5.24.2006

this place

It is 1:56 p.m. Wednesday. And a radio spills into the courtyard with a 1920s tune, something Big Band, muffled by the flapping of loose plastic sheeting on the roof. The tune floats through the chestnut tree, bending with every windy blow, its traditional springtime dance. Now is the time when the dirty clouds roll in from the west, Potsdamer clouds. A plane cruises overhead, a smaller craft with an engine made of angry bees. Its heart rumbles above and gently shakes the walls surrounding. It whispers away, trailing with a whistle towards Tegel.

The sun feels good. It creeps in the bedroom around this time every day, when the Potsdamer clouds allow, clawing its way over the sill and onto the drab gray carpet. It plays havoc with the piles of coins on the windowsill, so many pieces of copper and metal that together could buy a loaf of bread, separately fall out of pockets with too many holes. Here, the clouds are winning, and the sun's gone for now. The plastic tarp waves goodbye. The construction soloist on the roof has left for the day; pleased with his newly built echo chamber on the dachgeschloss, he belts out stacatto stanzas. “Oh my love.” A coworker bellows orders, or perhaps a request to pipe down. It has no effect. The call of the stage is too strong, even for the manual laborer.
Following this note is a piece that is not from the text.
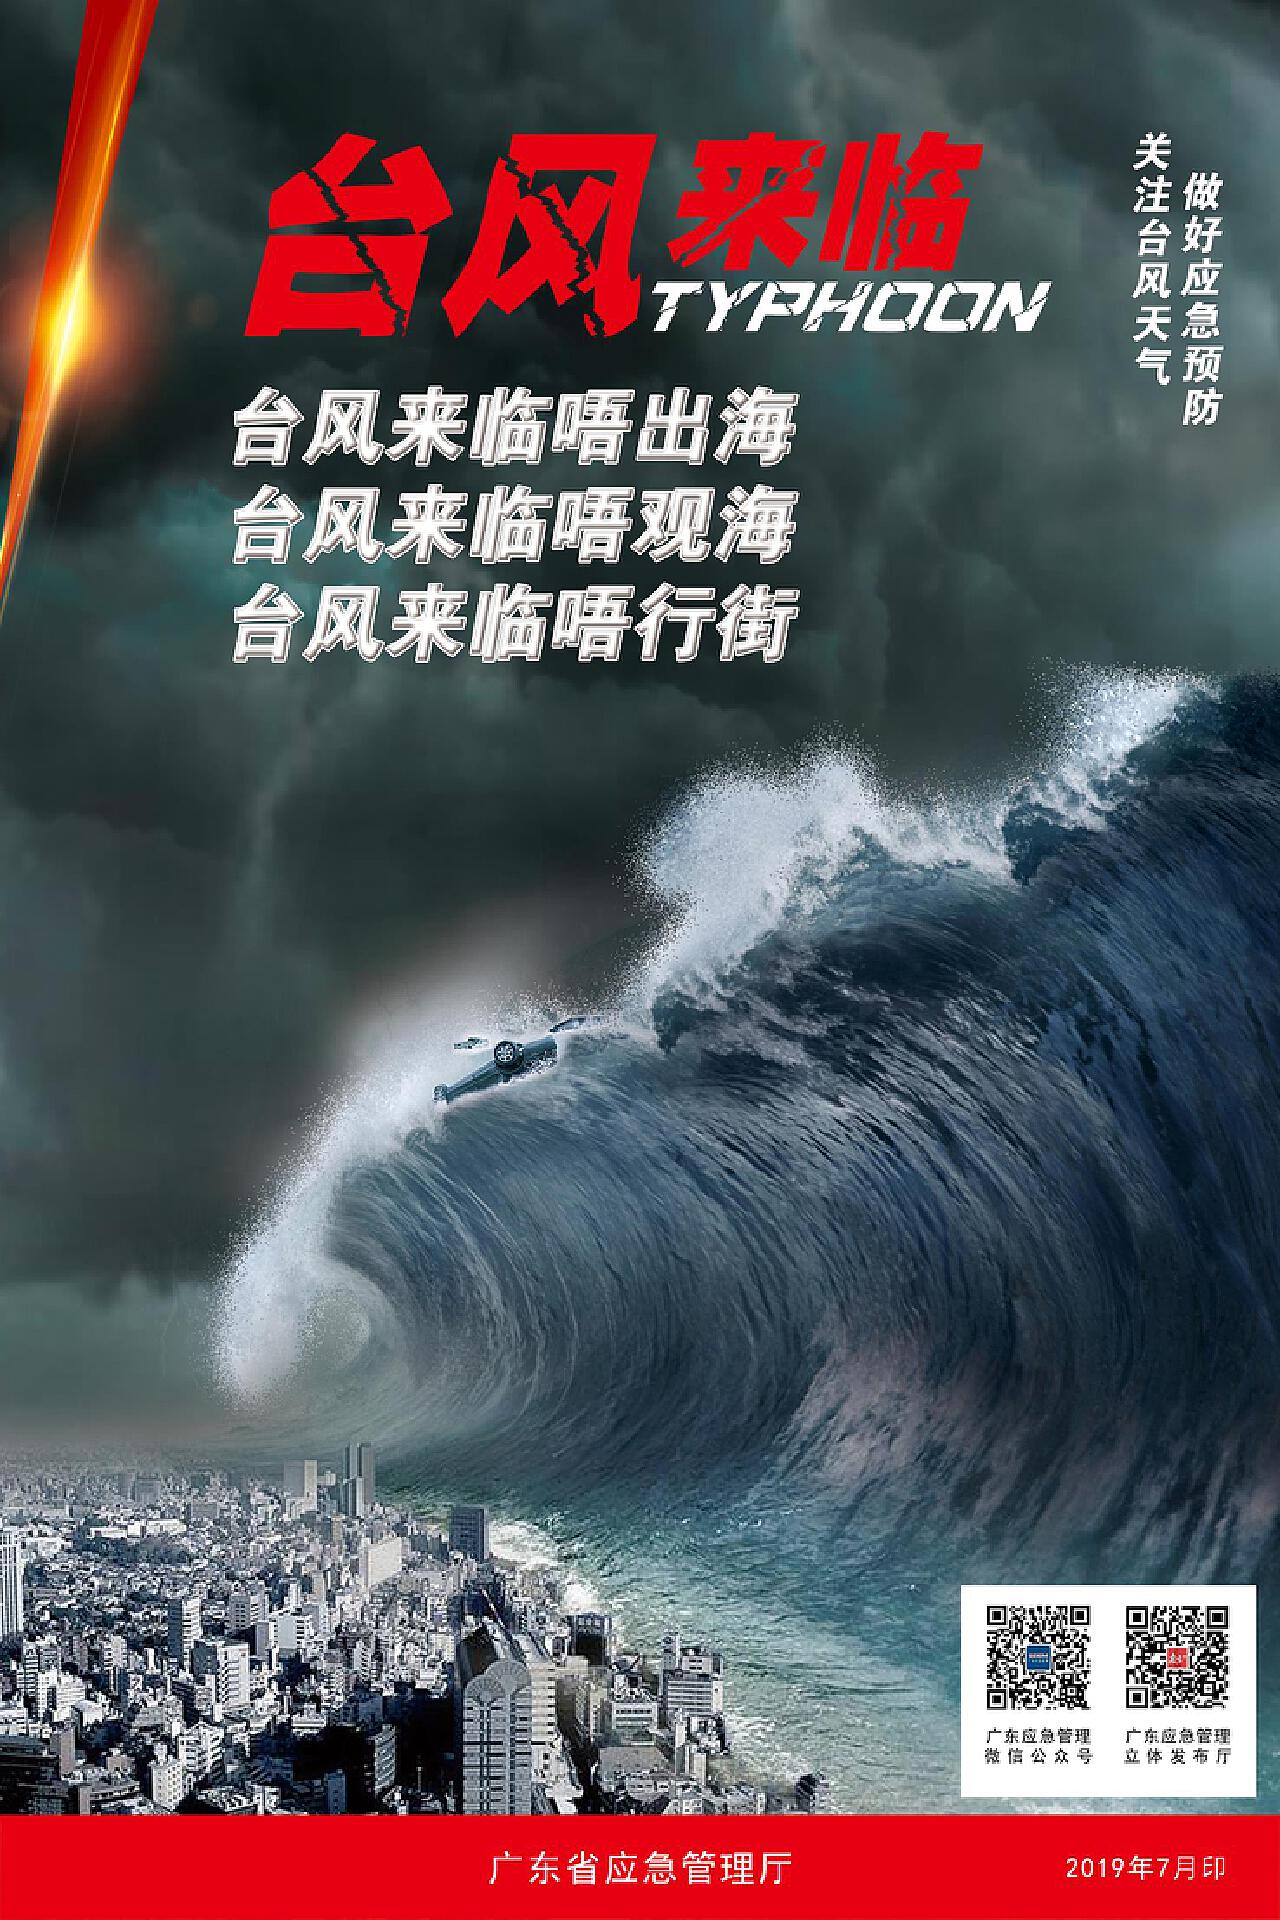 台风“烟花”肆虐 绍兴消防紧急救援“百岁老人”-新闻中心-温州网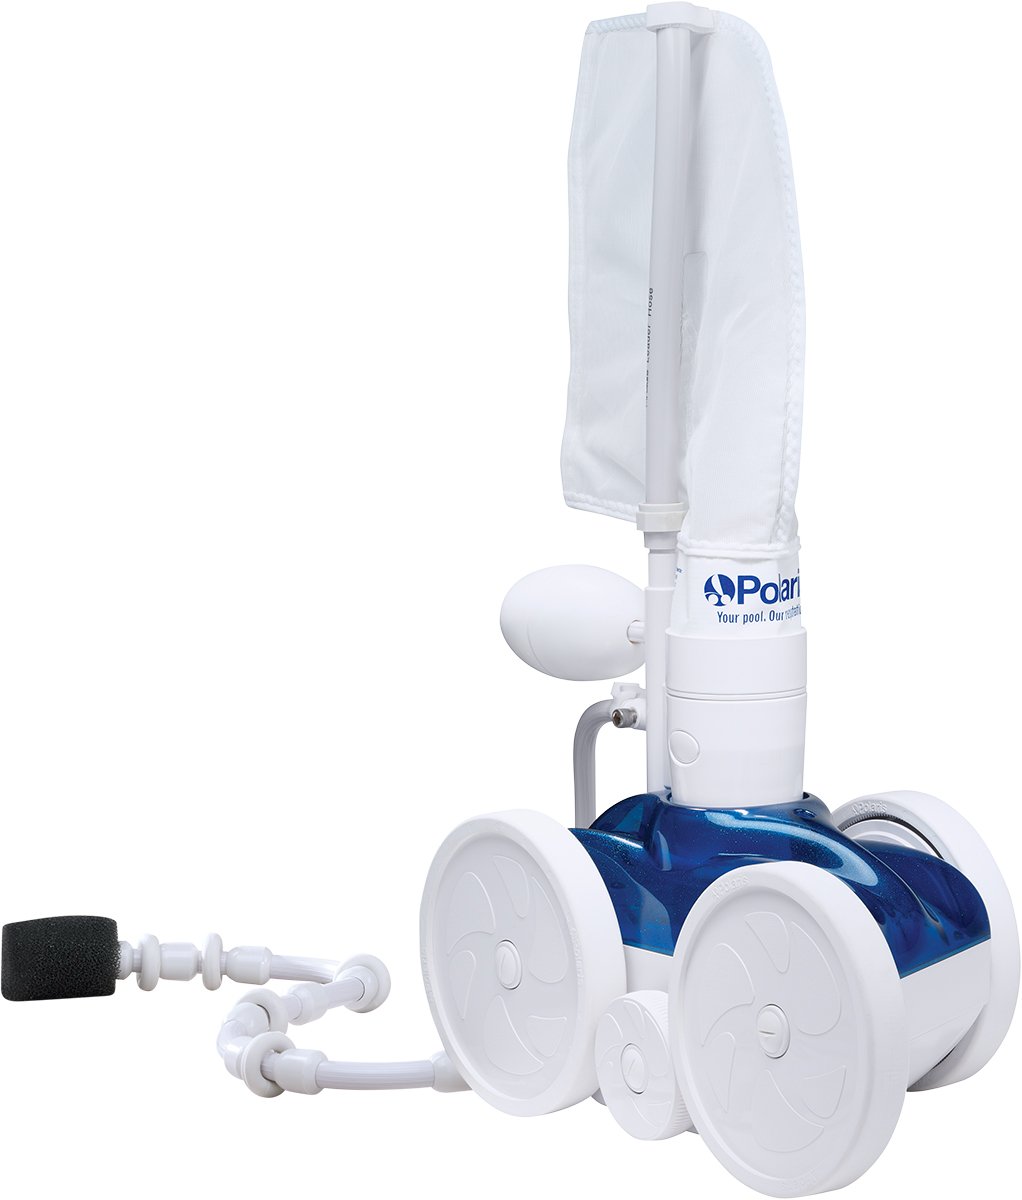 Polaris Vac-Sweep 280 Pressure Side Cleaner - Best Pool Vacuum

The coins beg me to order them. It is the way of procrastination, or better, the absence of compelling thought. To fiddle, perchance to eat a sandwich. There are always ways to explore the other while ignoring what's right in front of you. Luckily for me, I'm staring at the world on the wall, circa 1996. It claims to be political, but I promise to be neutral. Zaire is enormous; Brazil is bigger. I wonder why no one came up with a better name for the Central African Republic. Or whether Kalaallit Nunaat really translates to Greenland, in that tongue the five people in Greenland must speak. When it's not too cold to talk. Other times, they just sit around and watch as the sun never sets. Or never rises.

A horn blows from beyond the apartment building. A conch shell, perhaps, something to signal the beginning of a game, or just a beginning. A television mumbles, bouncing its afternoon programming from wall to wall in the central courtyard. There's always one person with the TV on full strength, and you can't tell where the TV is. It's a false statement. The TV is all around you. Where are you? In my bedroom on the third floor overlooking the central courtyard at the heart of a corner apartment building on the edge of Pankow, formerly known as east Berlin.